The paper "Beyond Accuracy: Measuring Logical Compliance of Predictive Models" tackles a blind spot that has quietly grown as machine learning systems have been deployed at scale. The authors argue that standard evaluation metrics—accuracy, RMSE, AUC, and the like—capture only whether a model’s outputs numerically match ground-truth labels. They do not capture whether the model’s predictions respect the logical structure of the problem domain.

For example, a credit-scoring model might achieve high accuracy but still approve a loan for an applicant who fails a legally required solvency check, or a medical diagnosis model might correctly predict a disease while violating a known clinical rule (e.g., predicting “pregnant” for a male patient). These are not edge cases; they are systematic failures that standard metrics miss. The paper proposes a framework for measuring “logical compliance”—the degree to which a model’s predictions adhere to a set of domain-specific logical constraints.

Why This Matters

This is not an academic quibble. The gap between predictive accuracy and logical soundness has real-world consequences. In regulated industries—finance, healthcare, criminal justice—models must not only be accurate but also obey explicit rules. A model that is 99% accurate but violates a key constraint in the remaining 1% of cases can still cause regulatory fines, reputational damage, or harm to individuals.

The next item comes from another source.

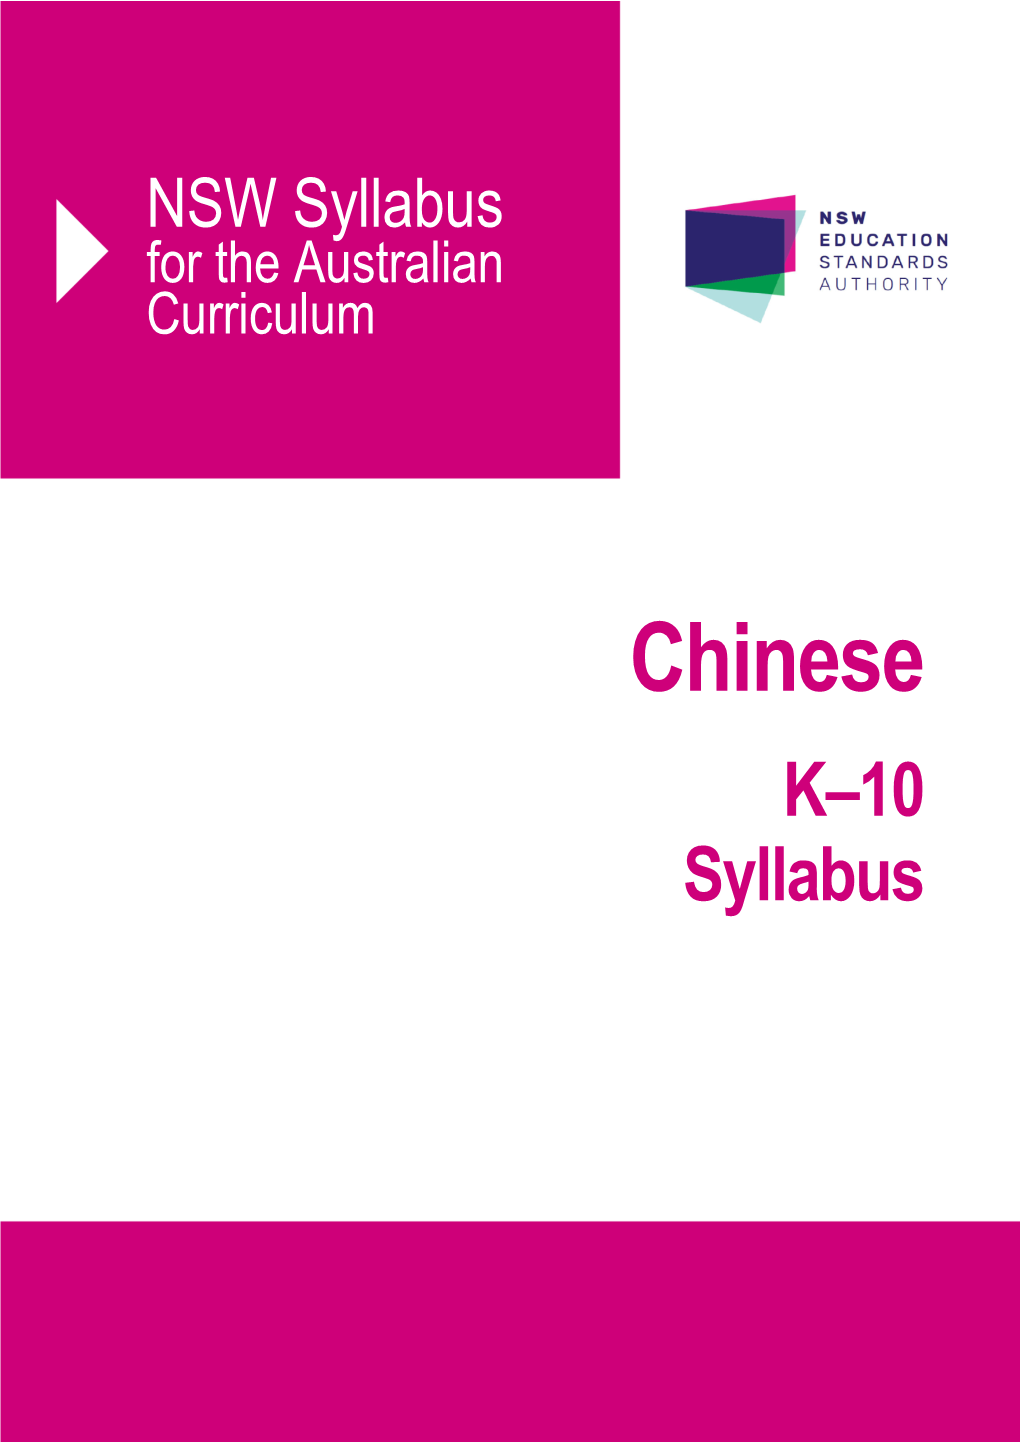 NSW Chinese K-10 Syllabus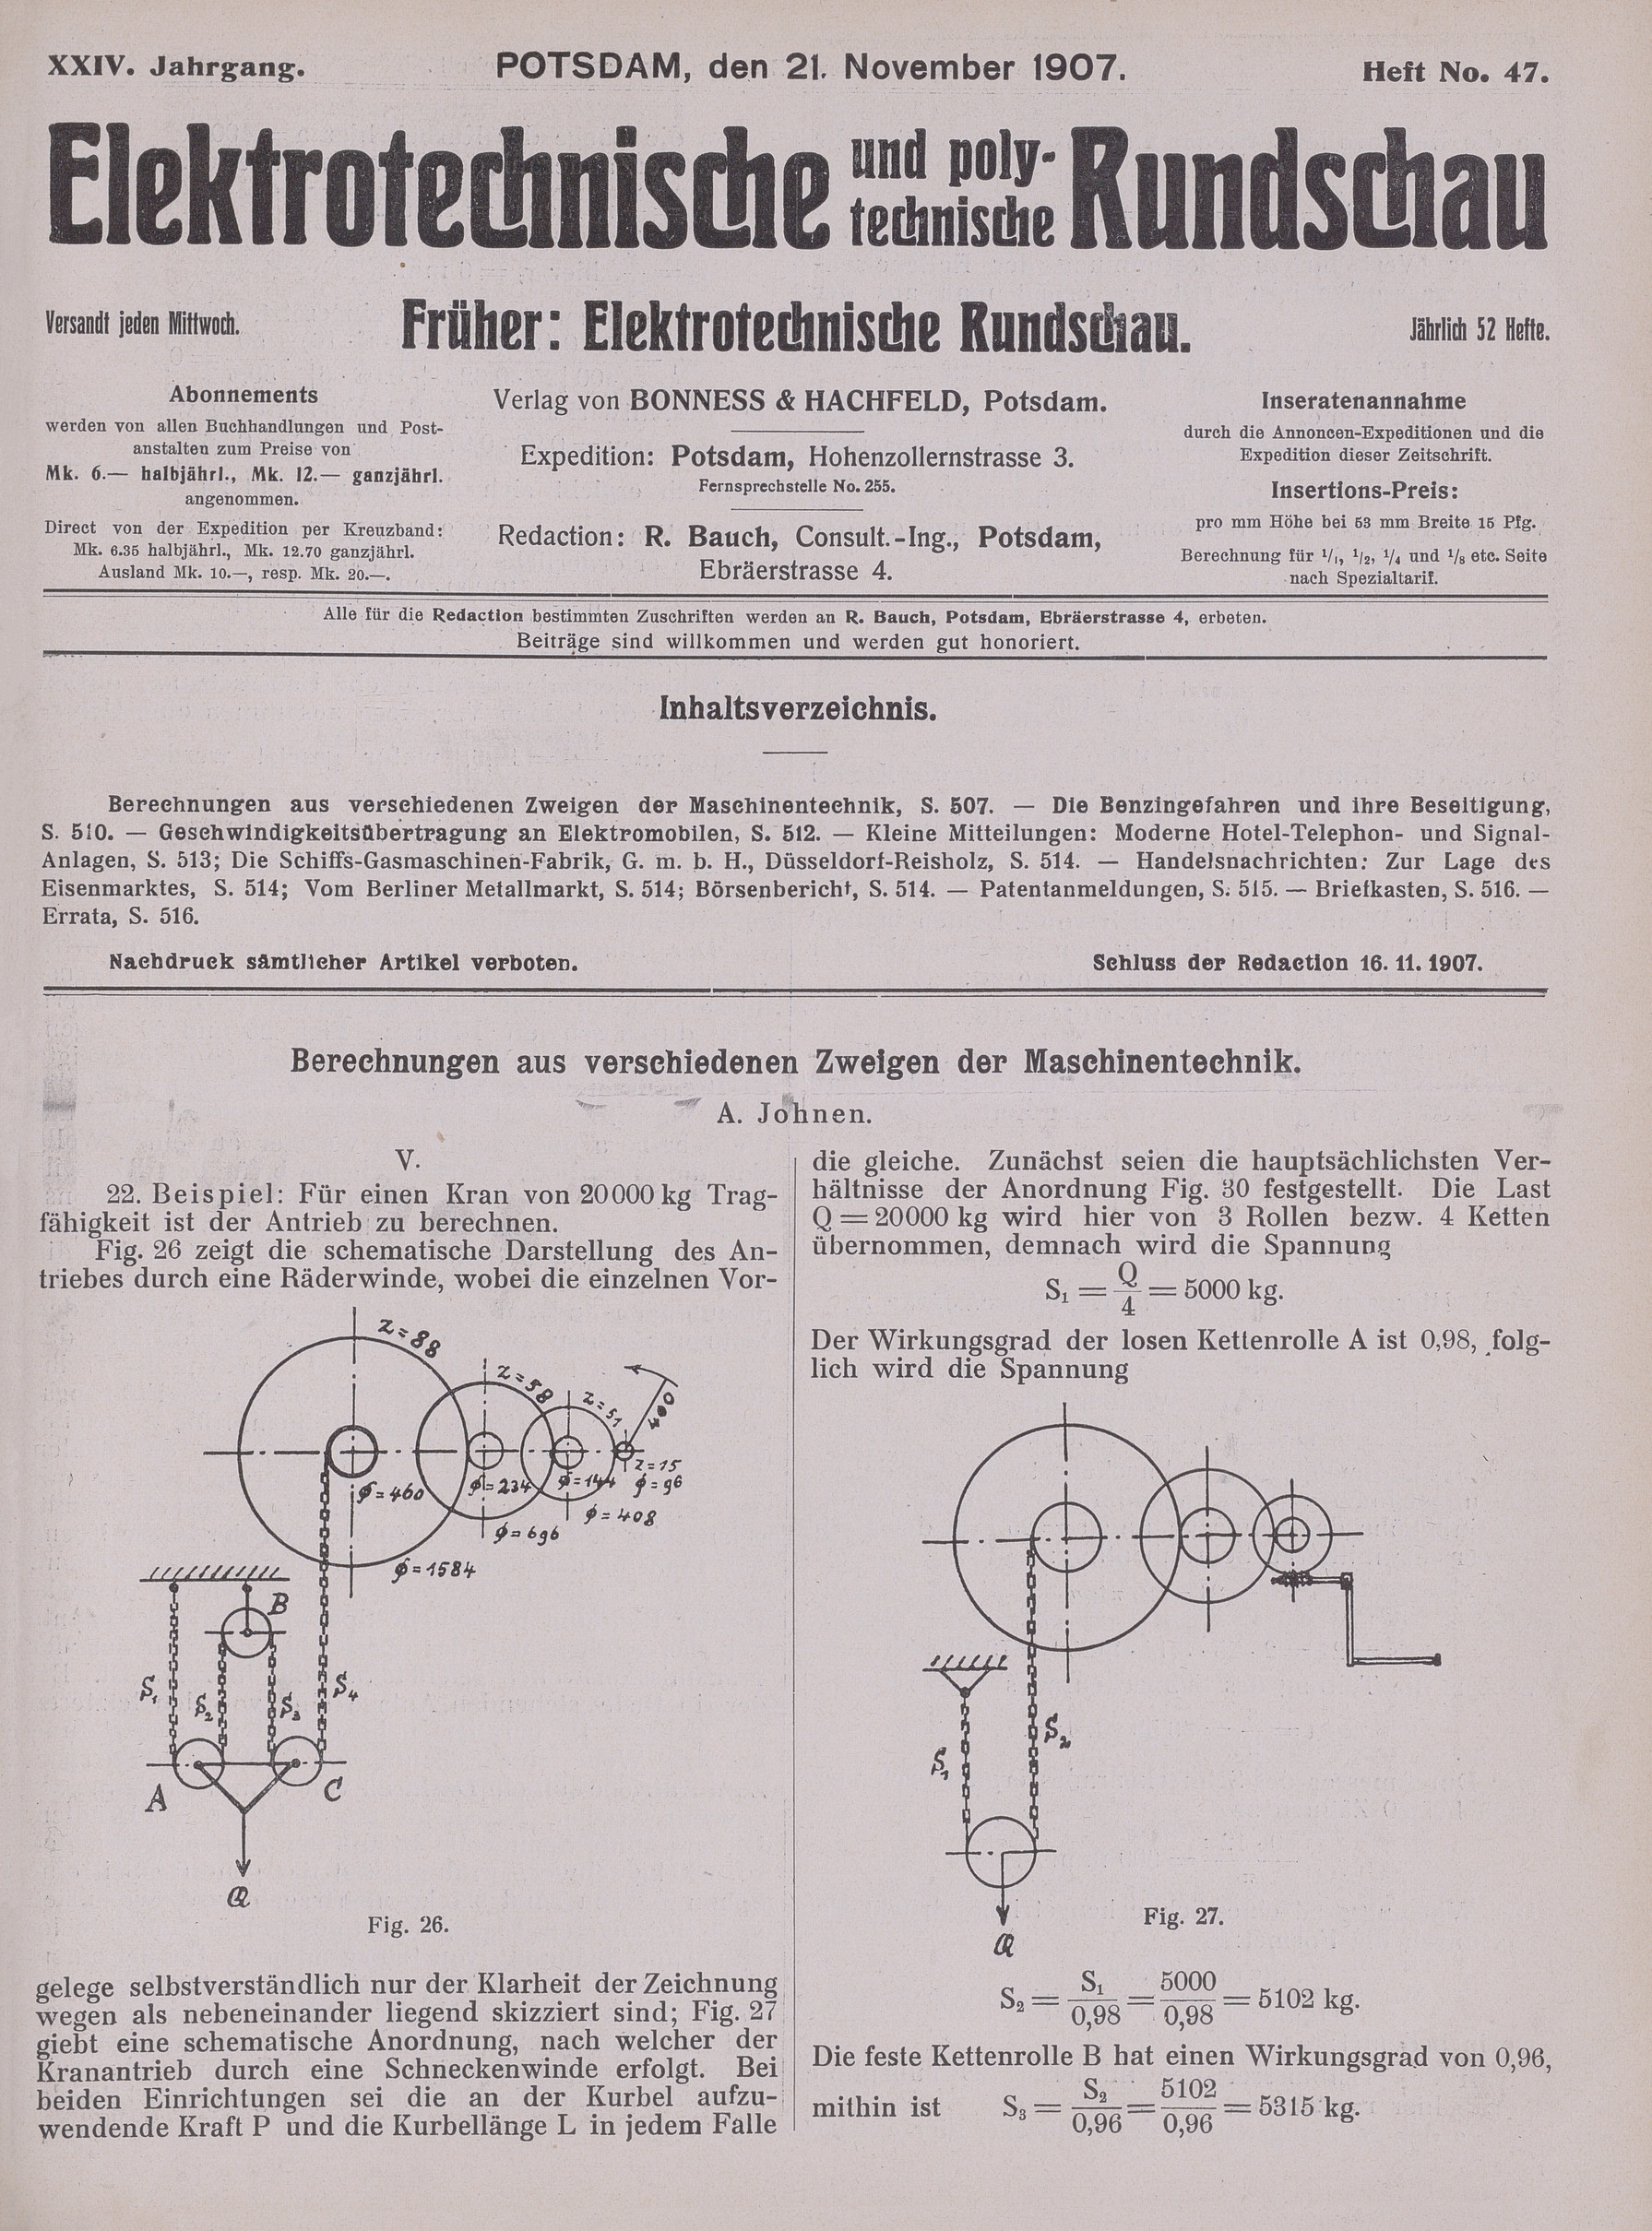 Elektrotechnische und polytechnische Rundschau, XXIV. Jahrgang, Heft No. 47

The problem is compounded by the fact that many practitioners optimize for accuracy alone, assuming that high performance implies robustness. This assumption is false. A model can learn spurious correlations that happen to yield correct labels most of the time while completely ignoring the causal or logical structure of the task. Logical compliance metrics force practitioners to ask: does the model “understand” the rules, or is it just pattern-matching?

Implications for AI Practitioners

First, this work provides a practical tool for auditing models before deployment. Instead of relying solely on hold-out accuracy, teams can define a set of logical constraints—either hand-crafted or extracted from domain knowledge—and measure how often the model violates them. This is especially valuable for high-stakes applications where interpretability is required.

Second, it shifts the evaluation paradigm from “how often is the model right?” to “how often does the model reason correctly?” This distinction matters because a model that is logically compliant is more likely to generalize to out-of-distribution data. If a model’s predictions follow the rules of the domain, they are less likely to fail in unexpected ways when the input distribution shifts.

Third, the framework opens the door to hybrid evaluation pipelines: combine traditional accuracy metrics with logical compliance scores. A model that scores well on both is more trustworthy than one that excels on accuracy alone. This is a concrete step toward building AI systems that are not just performant but also reliable and accountable.

Key Takeaways

  • Standard accuracy metrics miss systematic logical violations in model predictions, which can lead to failures in regulated or safety-critical domains.
  • Logical compliance provides a complementary evaluation axis that measures whether a model respects domain-specific rules and constraints.
  • Practitioners should incorporate logical compliance checks into their model validation pipelines, especially for high-stakes applications.
  • This approach improves trustworthiness and generalization by ensuring models reason correctly, not just pattern-match accurately.